FIG. 1 is a process drawing showing a part of a manufacturing process of an ion flow control head according to an embodiment of the present invention.

FIG. 2 is a process drawing showing another part of the manufacturing process of the ion flow control head according to the embodiment.

FIG. 3 is a diagram showing a configuration of a laser device and a laser tube that generate excimer laser light according to the above embodiment.

FIG. 4 is a main part configuration diagram showing an example of a general ion flow control head according to a conventional example.

FIG. 5 is a diagram illustrating a defect in a method of manufacturing an ion flow control head according to a conventional example.

[Explanation of Codes] 10, 15 ... Laminated body, 11 ... Electrode layer for ion flow focusing,
12 ... Electrode layer for controlling ion flow, 13 ... Film-like insulating layer, 14 ... UV reflecting layer, 11a, 12a, 13a,
14a ... Ion flow passage hole, 20 ... Laser device, 30 ... Laser tube.

Claims (1)

[Claims] 1. A laminated body in which an insulating layer is disposed between at least a pair of electrode layers made of a metal foil is provided with an ion flow passage hole for passing an ion flow using excimer laser light.

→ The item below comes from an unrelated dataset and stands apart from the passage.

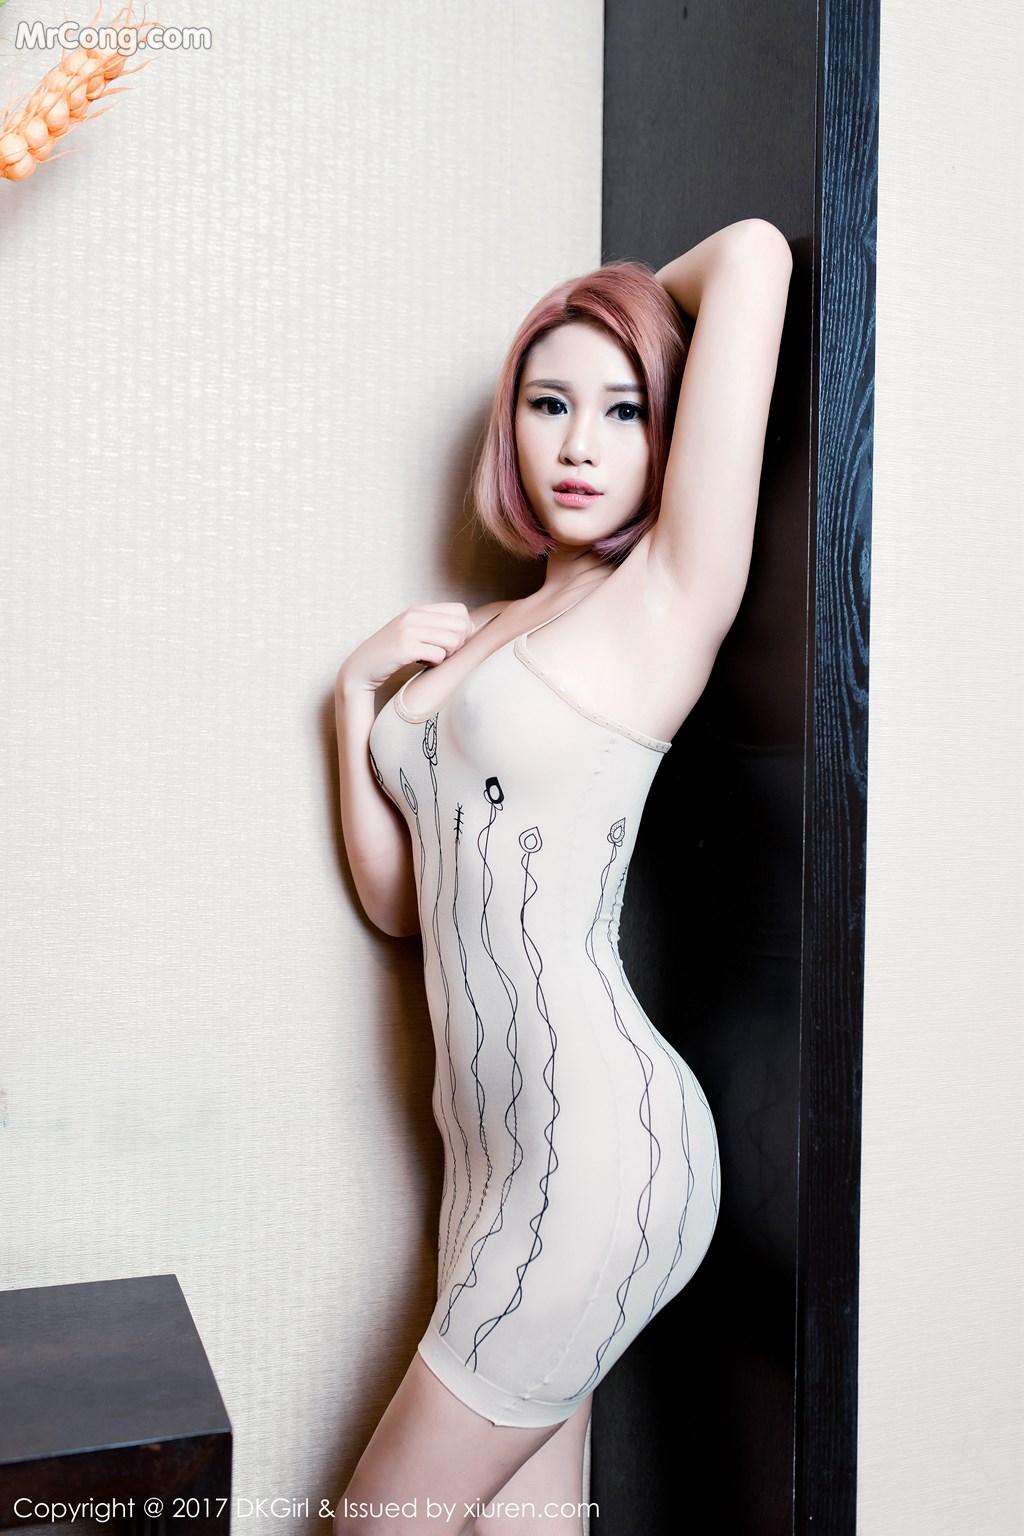 Image DKGirl-Vol.045-Meng-Bao-Er-BoA-MrCong.com-027 in post DKGirl Vol.045: Người mẫu Meng Bao Er (萌宝儿BoA) (56 ảnh)

In the method of manufacturing an ion flow control head, a step of previously providing an ultraviolet reflecting layer having a higher ultraviolet reflectance than the metal forming the electrode layer on the surface of one of the electrode layers, and providing the ultraviolet reflecting layer by this step After that, a step of forming ion flow holes in this ultraviolet reflection layer and each electrode layer of the laminate, and after forming ion flow passage holes in this step, the ion flow from the side provided with the ultraviolet reflection layer Irradiating the insulating layer with excimer laser light through the through hole to form an ion flow control hole for controlling the ion flow in the insulating layer, and the ion comprising: Method of manufacturing a control head.